The lungs are the main organs for breathing, and are part of the respiratory system. As well as the lungs, the respiratory system includes the nose, mouth, trachea (windpipe) and airways (tubes) to each lung. There are large airways known as bronchi (singular: bronchus) and small airways called bronchioles.

Lobes – The lungs are two large, spongy organs. Each lung is made up of sections called lobes – the left lung has two lobes and the right lung has three.

Diaphragm – The lungs rest on the diaphragm, which is a wide, thin muscle that helps with breathing.

Mediastinum – The space between the two lungs is called the mediastinum. Several structures lie in this space, including:

  • the heart and large blood vessels
  • the trachea – the tube that carries air into the lungs
  • the oesophagus – the tube that carries food to the stomach
  • lymph nodes – small, bean-shaped structures that collect and destroy bacteria and viruses.
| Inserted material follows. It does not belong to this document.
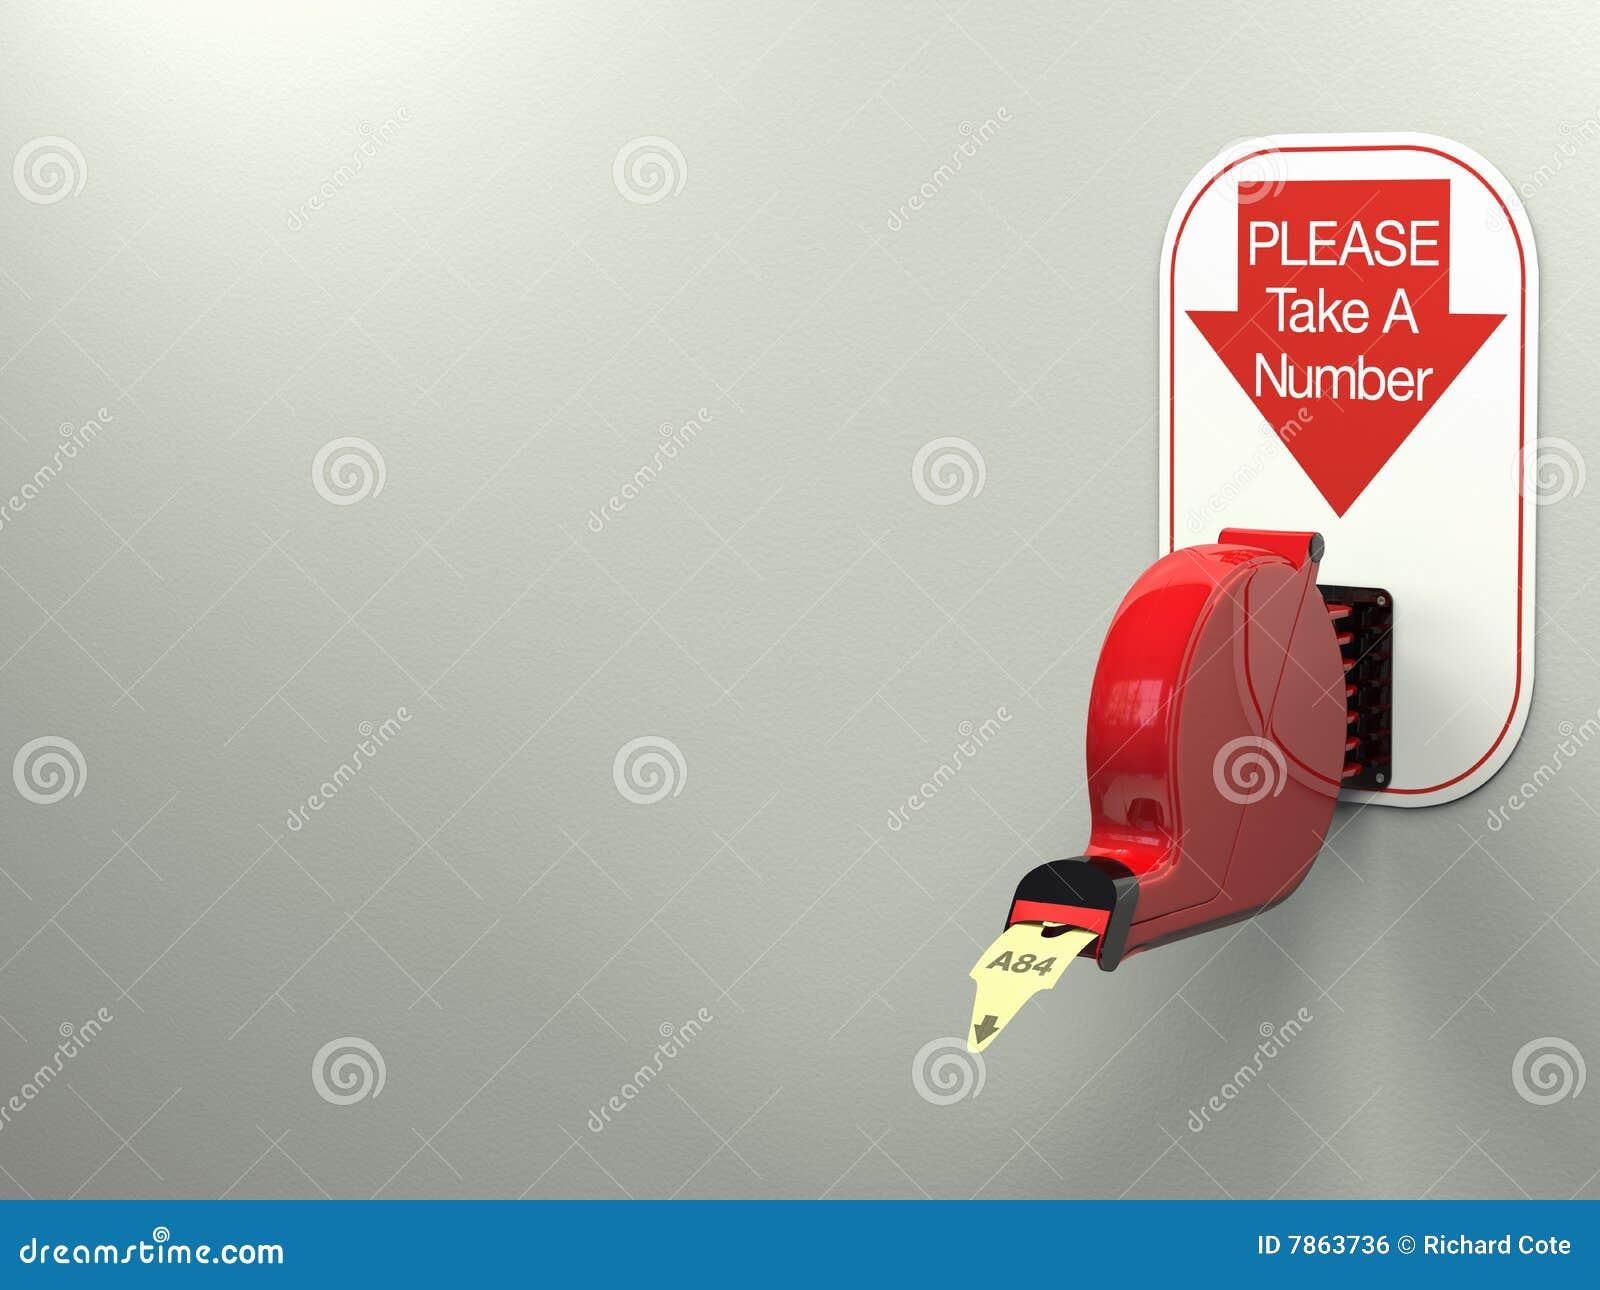 ticket dispenser royalty free stock image image 7863736

Pleura – The lungs are covered by two layers of a thin sheet of tissue called the pleura, which is about as thick as plastic cling wrap. The inner layer (the visceral pleura) lines the lung surface and the outer layer (the parietal pleura) lines the chest wall and diaphragm. The layers are separated by a film of fluid that lets them slide over each other. This fluid helps the lungs move smoothly against the chest wall when you breathe. The pleural cavity is the potential space between the two layers, but there is no space between them when the lungs are healthy.

How breathing works

When you breathe in (inhale), air goes into the nose or mouth, down the trachea and into the bronchi and bronchioles. At the end of the bronchioles, tiny air sacs called alveoli are surrounded by small blood vessels (capillaries). Inhaled oxygen passes through the alveoli into the blood, while the waste gas (carbon dioxide) moves from the blood into the alveoli. When you breathe out (exhale), carbon dioxide is removed from the body and released back into the air.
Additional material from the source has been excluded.